Air-liquid interface culture combined with differentiation factors reproducing intestinal cell structure formation in vitro

Reproducing intestinal cells in vitro is important in pharmaceutical research and drug development. Caco-2 cells and human iPS cell- derived intestinal epithelial cells are widely used, but few evaluation systems can mimic the complex crypt-villus-like structure. We attempted to generate intestinal cells mimicking the threedimensional structure from human iPS cells. After inducing the differentiation of iPS cells into intestinal organoids, these were dispersed into single cells and cultured two-dimensionally. An air- liquid interface culture was used, with CHIR99021, forskolin, and A-83-01 used as key compounds.

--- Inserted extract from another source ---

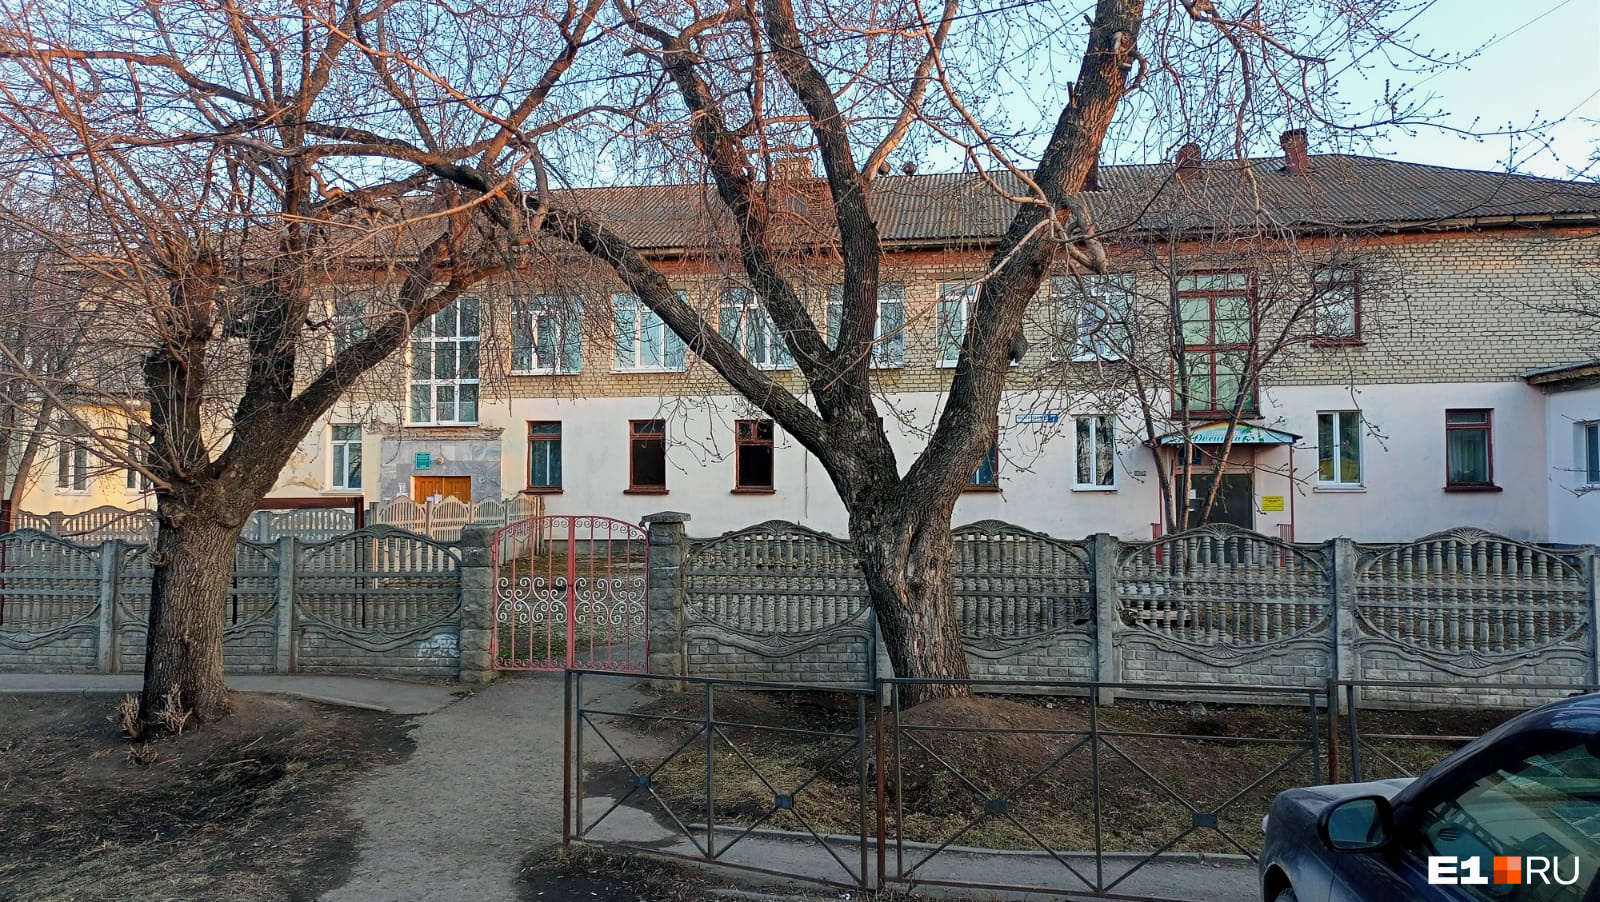 «Не было никакого уведомления». В уральском поселке внезапно закрыли детский сад из-за ремонта поликлиники

Long-term culture was also performed by adding Wnt3a, Noggin, and RSPO1, which are frequently used in organoid culture. The air-liquid interface culture combined several compounds that successfully induced the formation of a crypt-villus-like structure, which grew rapidly at around day 6. The expression of pharmacokinetic genes such as CYP3A4 was also enhanced. The intestinal stem cells were efficiently maintained by the addition of Wnt3a, Noggin, and RSPO1. We were able to construct a crypt-villus-like structure on cell culture inserts, which is considered a very simple culture platform. This structure had characteristics extremely similar to living intestinal tissues and may have a superior homeostatic mechanism.